The kitchen table did a full flip before it landed with a loud bang on the linoleum floor. The contractor has picked you up by the collar of your shirt and pinned you to the wall, screaming expletives about how that Bob Vila doesn’t even own a pickup truck and couldn’t possibly fix your debt problem because he doesn’t know shit from shinola. You push him off of you, but then he pulls out a gun from his work bag and everything’s gone blank. He’s now screaming: “Go ahead, call him! Call him! Call that cocksucker!
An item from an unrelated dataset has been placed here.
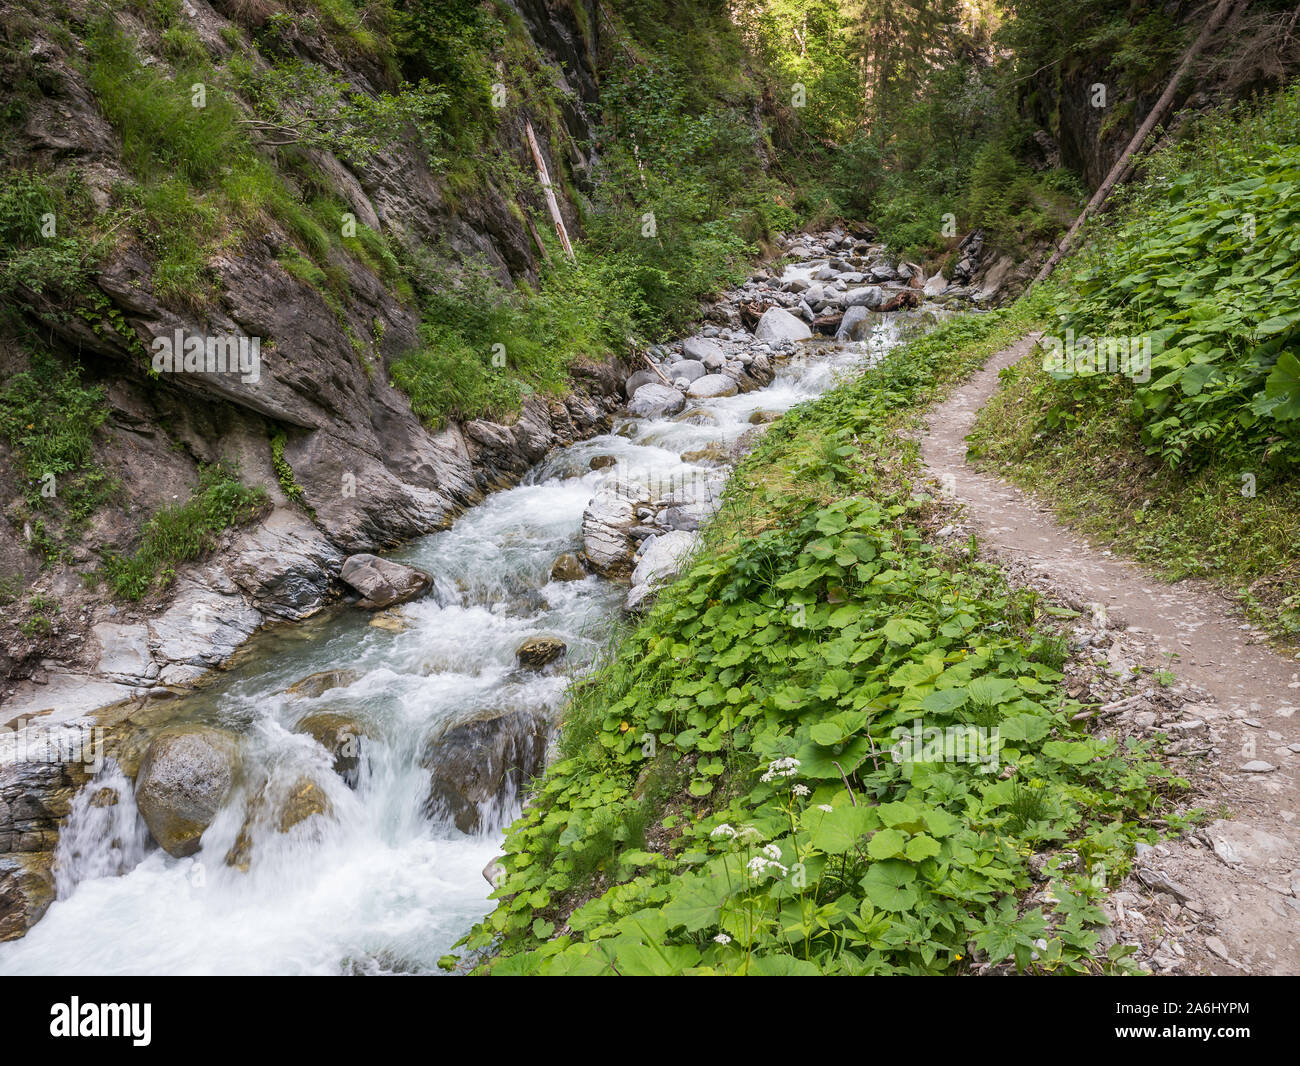 View of the Radurschl Canyon, location of a famous hiking trail in Pfunds, Tyrol, Austria Stock Photo
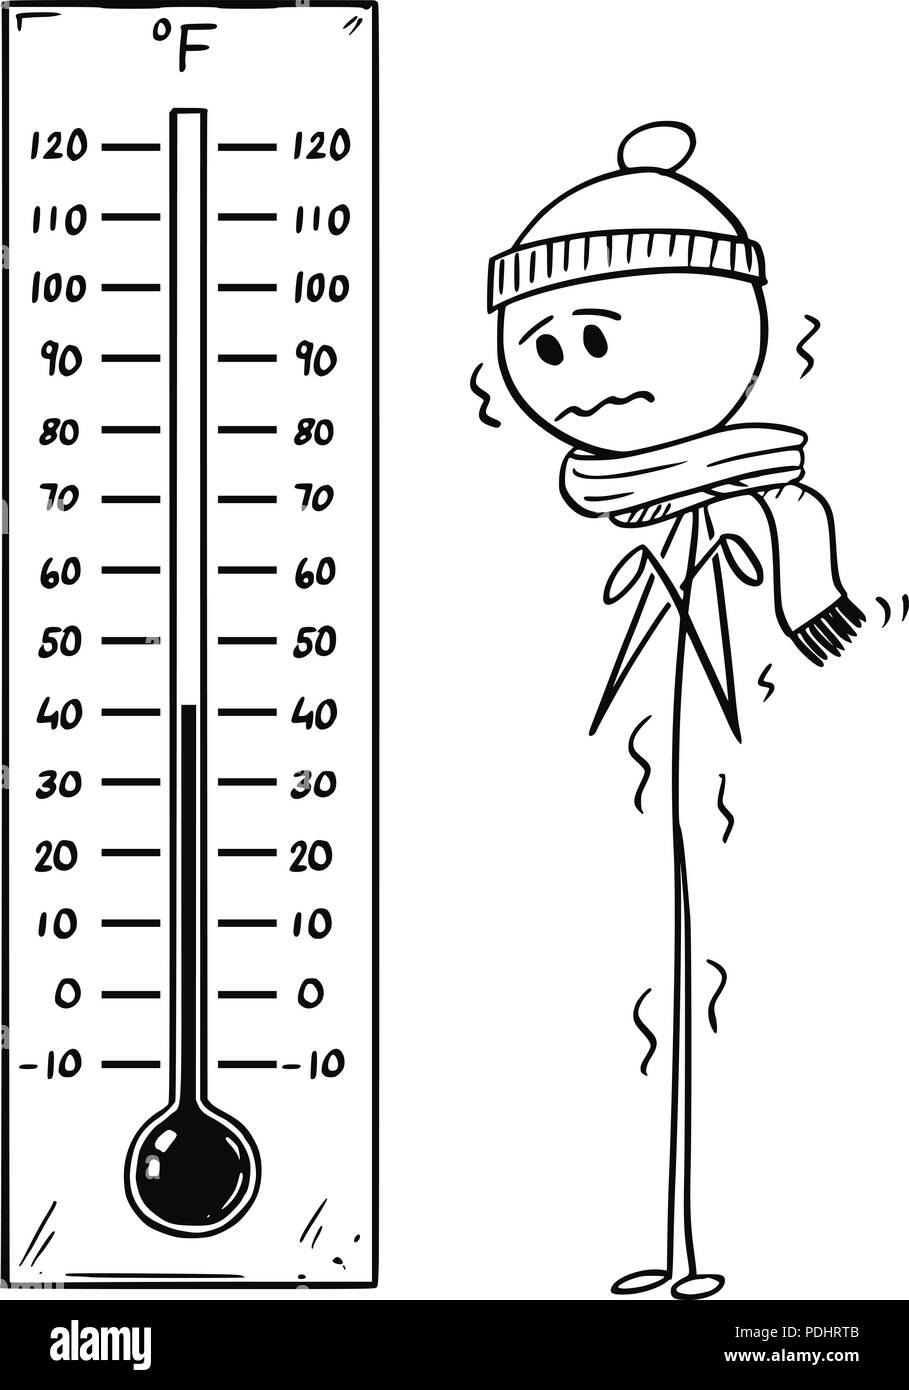 Cartoon of Chilled Man Looking at Big Fahrenheit Thermometer Showing Low Temperature Stock Vector

Tell him to get over here, NOW.” You are now terrified, though it does not escape your attention that he, too, prefers a .38. Your hippy-dippy wife won’t let you keep at the house, though. “Gotta have a talk about that,” you think as you make the call.

Bob comes over quickly, and begins to talk with his rival. “Maybe we can work something out,” he says. You notice as he pleads with the screaming lunatic that he has very small hands with shiny fingernails. A manicure. The madman is screaming even louder now, spittle flying out as he rages at the injustice, the gall of just doing a patch job. He has put his gun away, though, and you are grateful. The ease with which Bob Vila disarmed him makes you think that he’s experienced this before. He says to you: “How about this? How about I patch up the ceiling, and Joe the Roofer here does the roof for you? Everyone wins!” Relieved that you are not going to die, you agree, and everyone shakes hands. Beer…I need a fuckin beer, you think as they pull out of your driveway.

It is two days later. Bob Vila’s workers are patching the ceiling, and he’s playing Angry Birds on his iPhone. Outside, you can hear the sound of buzz saws going right through roof beams and hammers putting together the frame of your new roof. The real American contractor, so convincing upon first appearance, is alternating between texting and arguing vociferously with someone about the Cowboys choking yet another game yesterday. His ringtone is Ke$ha’s ‘We R Who We R’. Meanwhile, you can hear the leak from outside steadily dripping into a pan set up at the foot of your bed. It will be a few days before the patch job is finished, and at least a month or more until the new roof is finished. “Trust me, it’ll be worth it,” the psycho contractor said with a smile.

It might very well be worth it, but in the interim there is fetid water pouring into the house and you’re planning to sell half of your personal belongings in a garage sale to raise the funds to pay these guys to fix your fucking debt ceiling because the bank wouldn’t lend you the money to pay off these schmucks and your homeowner’s insurance doesn’t cover it because you didn’t really need to replace your roof and the ceiling’s not really damaged so we’re sorry.

That is what’s going on. Redundancy, psychotic mania, waste, pettiness, and outright evil has fueled America’s political stalemate for decades. What makes this different is that there’s now every reason to believe that this latest episode represents an outright rejection by a government of the notion that government exists to serve its citizens. The state has refuted the notion that it should exercise power at all, to say nothing of how it should use power. To say that the system is broken implies that there is something worth fixing. A civic life spent making an unpalatable choice between a 1 and a 0, or a turd sandwich or a giant douche, falls well short of any acceptable standard for an ‘advanced’ democracy. Society is always worth working on, because there is good in people that can yet be harnessed for positive future gain. But there is a suicidal streak that has entered the American body politic that makes me shudder.